= Nasal vestibulitis =

Infection of the nasal cavity

Nasal vestibulitis is the diffuse dermatitis of nasal vestibule. It is often caused by Staphylococcus aureus, chronic rhinorrhea, nose picking, or viral infections.

==Causes==
Causes include constant nose blowing, nose picking, plucking nasal hairs, nose piercings and objects being stuck within the nose. It may also develop from shingles, herpes simplex, the common cold, and a continual runny nose.

==Symptoms==
In acute vestibulitis, the skin is red, swollen, and tender. In chronic vestibulitis, induration of vestibular skin and crusting is seen. Other symptoms include pain in the nose, swelling, discoloration, itching, bleeding, scabbing and crusting near the opening of the nose.

==Complications==
Although the disease is easily treatable, in severe cases boils may form inside the nostrils, which can cause cellulitis at the tip of the nose.
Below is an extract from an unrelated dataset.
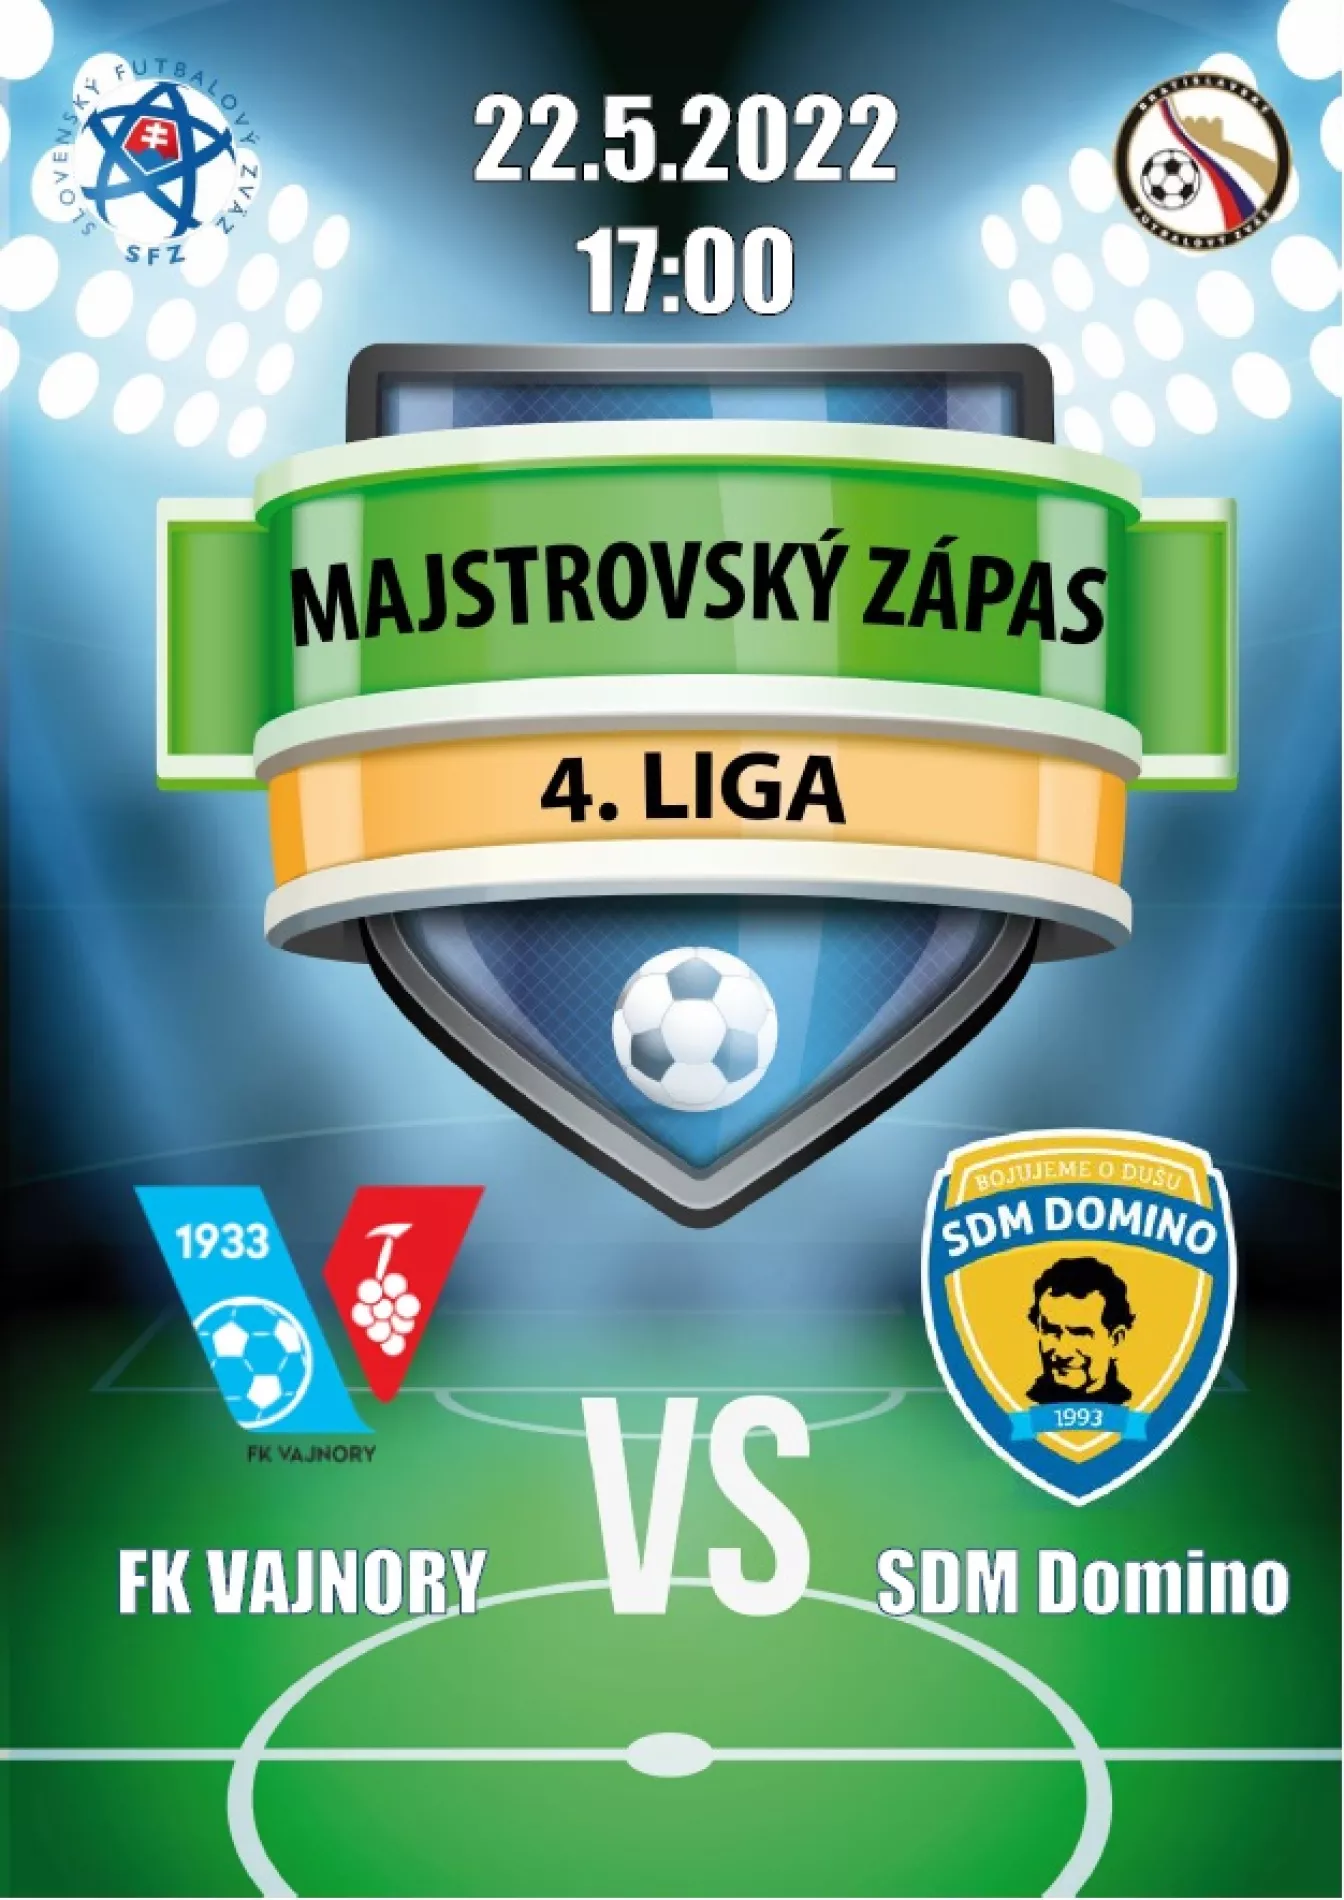 FK Vajnory - SDM Domino
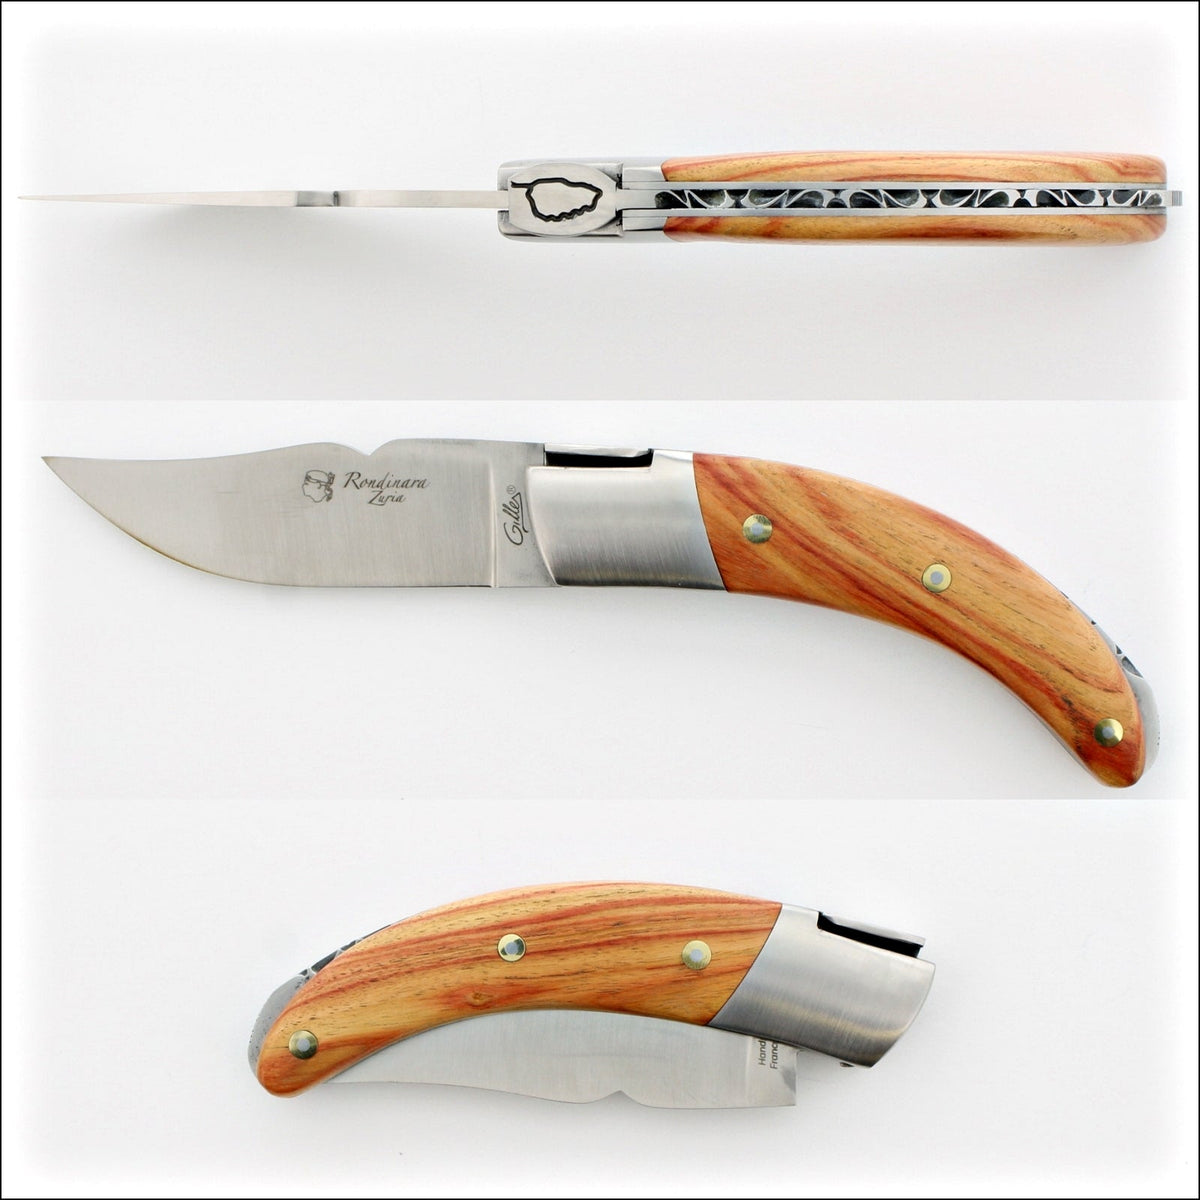 Corsican Rondinara Folding Knife - Rosewood Handle

The condition becomes serious because veins at that region of the face lead to the brain, and if bacteria spreads to the brain via these veins, the person may develop a life-threatening condition called cavernous sinus thrombosis, which is an infection in the brain. Other complications include nasal septal abscess and encephalitis.

==Treatment==
Antibiotic steroid ointment is sometimes helpful and as well as oral antibiotics. Chronic fissures can be cauterized with Silver Nitrate. If antibiotics do not work, surgical draining of the boils inside the nose may be required. With treatment, the condition lasts for three to four days.

==Prevention==
Prevention include handwashing, and avoiding the following behaviors: excessive nose blowing, plucking nasal hairs, popping pimples near the nostrils, and nose picking.